By definition, a curse will prevent the sufferer from living happily ever after. This means that the princess cannot live happily ever after in her current state.
Also, by definition, fairy tale princesses attract fairy tale princes. Since cursed princesses require more effort and risk, they are more likely to attract capable and brave princes who should be able to deal with the situation. (NOTE: It is true that the princes are attracted to princesses and this includes all fairy tale princes. However, some princes, on seeing the amount of work required by a cursed princess will decide that other, non-cursed princesses may be more economical. More princes yet may attempt to pursue the cursed princess but not be capable of success. This is shown by the presence of skulls, skeletons, and assorted haunts experienced by approaching knights and princes. Presumably these scary items are the remains of less competent warriors.)

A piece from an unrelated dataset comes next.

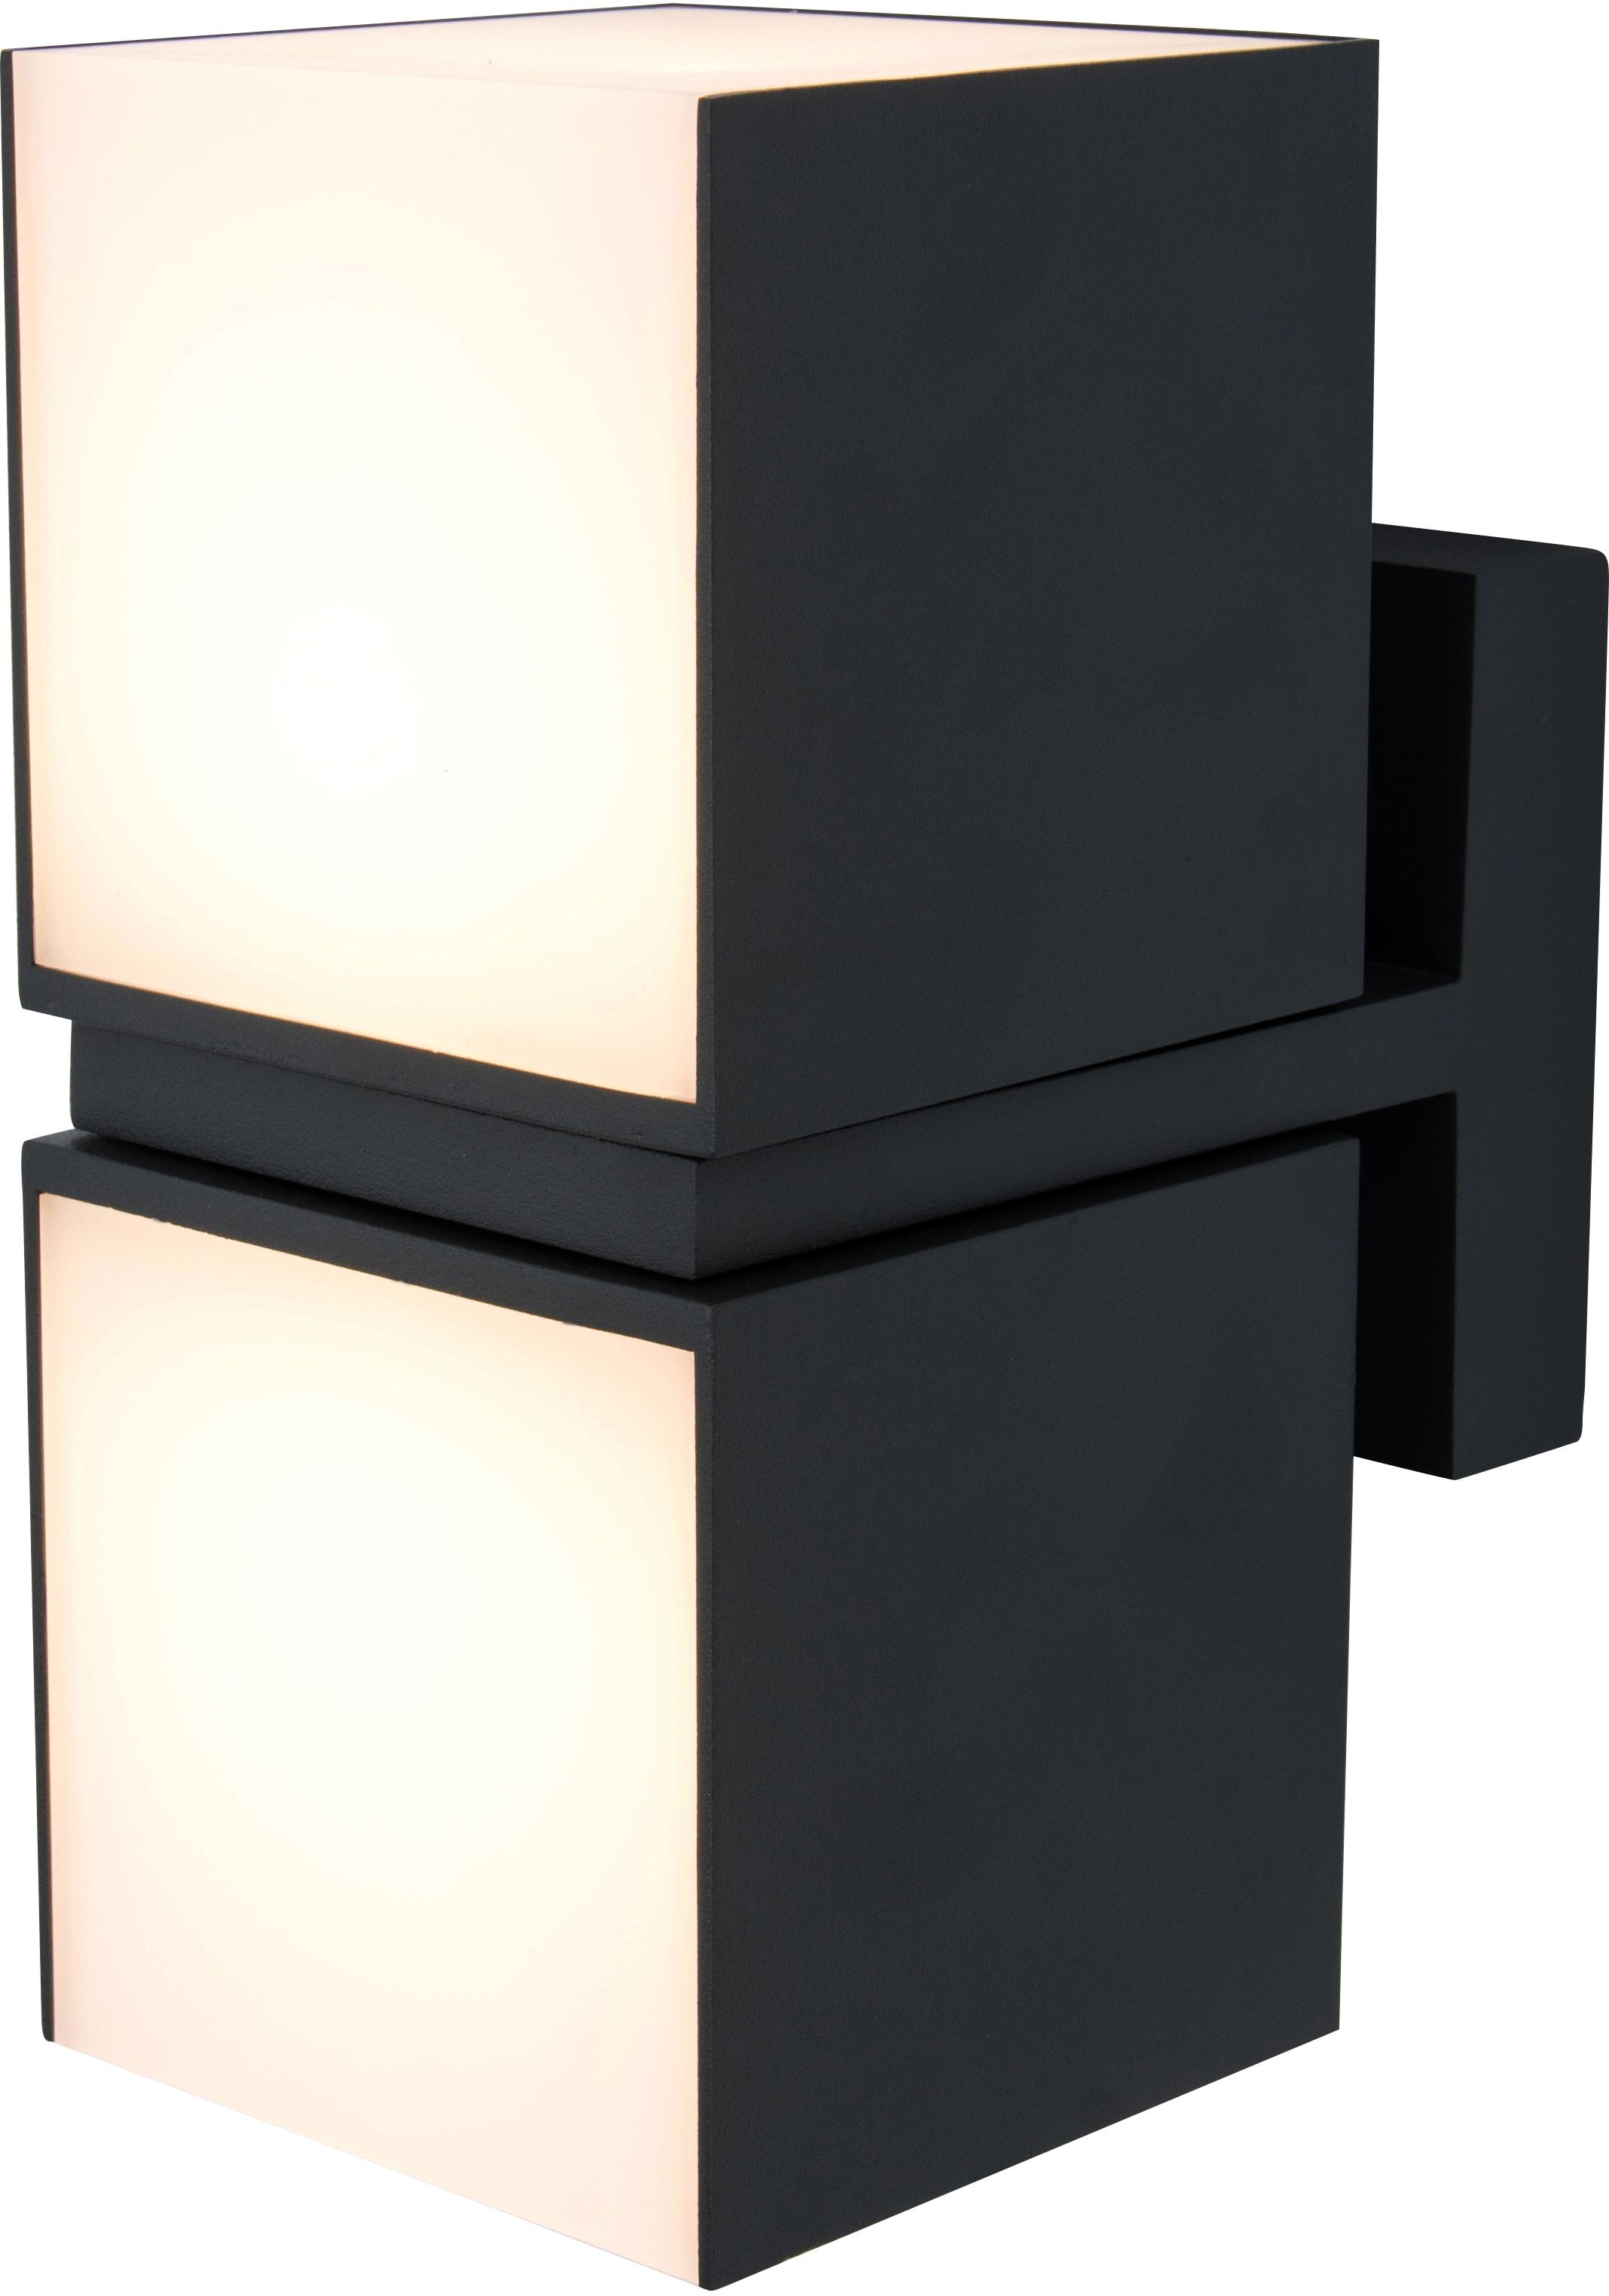 LUTEC LED Außen-Wandleuchte CUBA 5193801012, LED-Modul, 1 St., Warmweiß
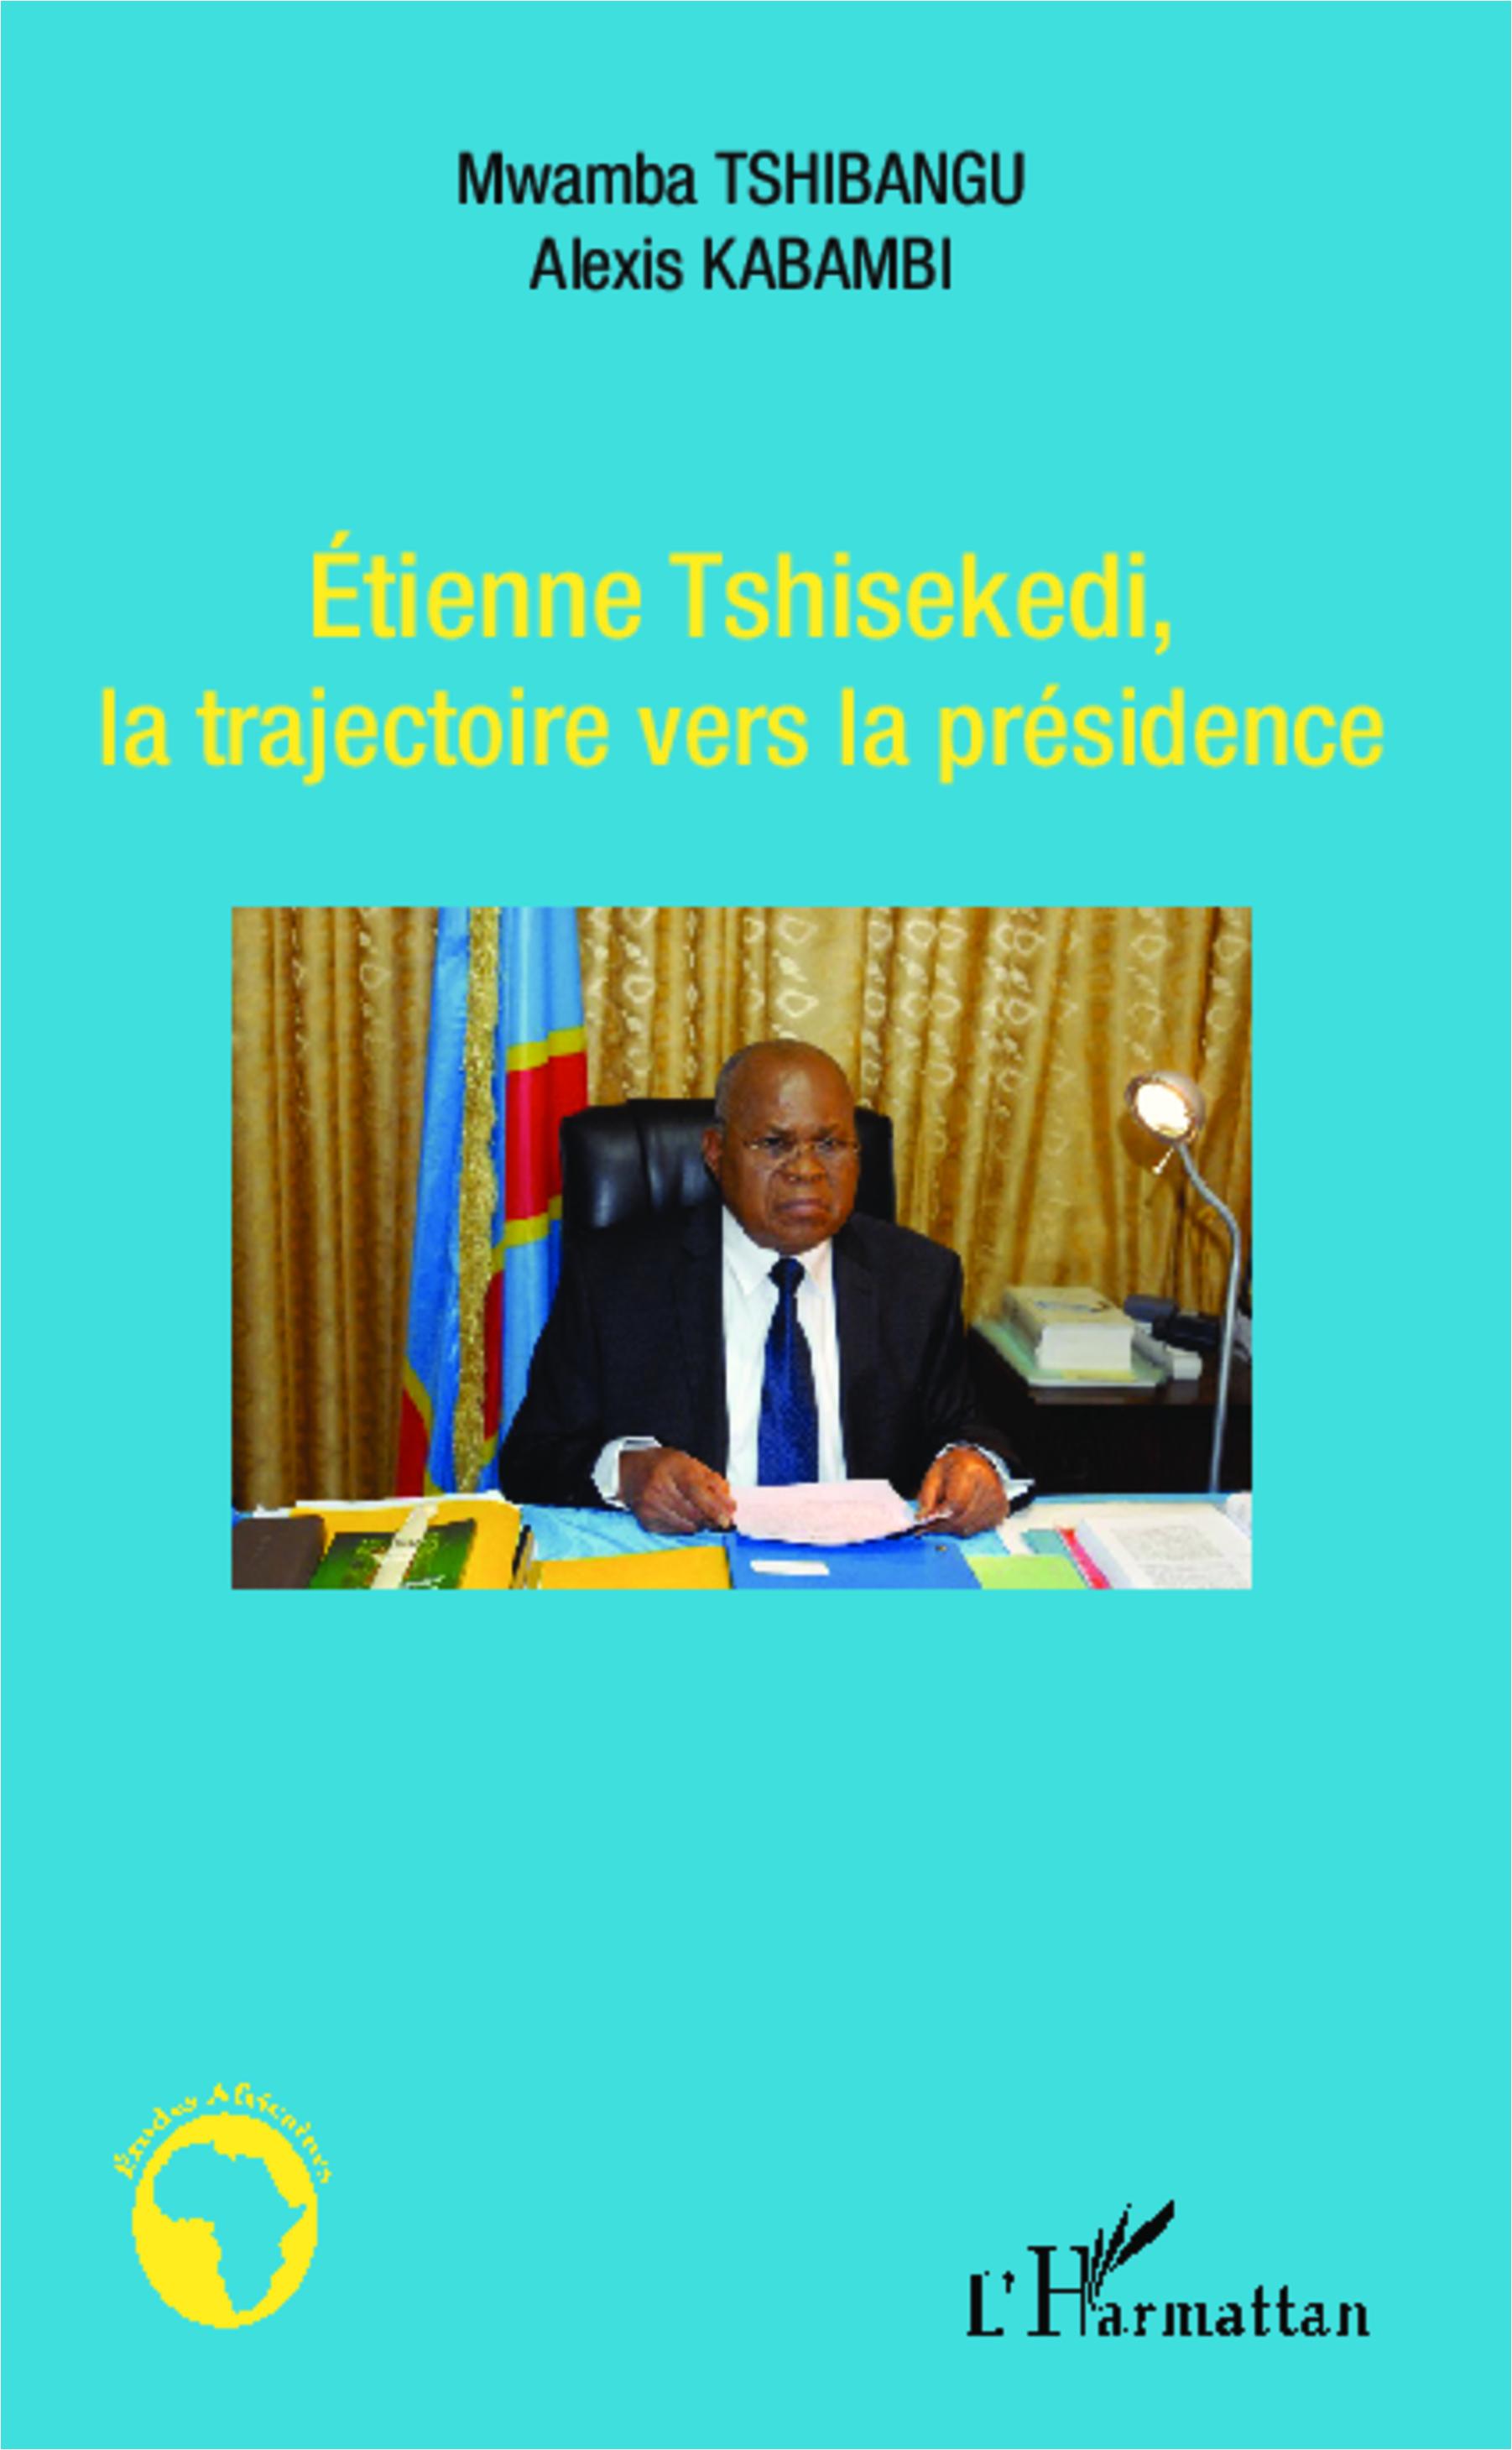 Etienne Tshisekedi, la trajectoire vers la présidence - Mwamba Tshibangu,Alexis Kabambi

The interaction of the prince and princess will remove the curse. The witch knows this and wishes to prevent it. Since the witch’s power is weak against the prince/princess pair, she will need to try another tactic.
Witches, by definition, perform magic. There is typically an implication that the witch is a wicked with regardless of whether the wicked is stated. (Good witches are always assumed to be good or you wouldn’t go through the effort to specify that she is good.) The ability to cast spells should imply a reasonable amount of intelligence. This is not shown in the manner in which witches typically attempt to destroy the prince.
It has been shown that a witch will attempt to confront a prince through physical barriers and direct combat. Given that princes specialize in combat and that witches do not, there is no good reason for witches to do this. It is hypothesized that witches are insane and just lash out at knights and princes. All of this resolves itself into a law that states: witches will resort to direct physical confrontation if a prince attempts to interact with a cursed princess.
Based on this law, we can see that the witch will do battle with the prince. The prince, who is much more skilled and capable, will defeat the witch. With no witch in the way, the prince can easily reach the princess and once together the curse will be dispelled.
Relying again on definition, the prince and princess will have a fairy tale marriage which, by definition, involves living happily ever after.
There, by using simple definitions, rules, and laws we have created a proof that the cursed princess lived happily ever after.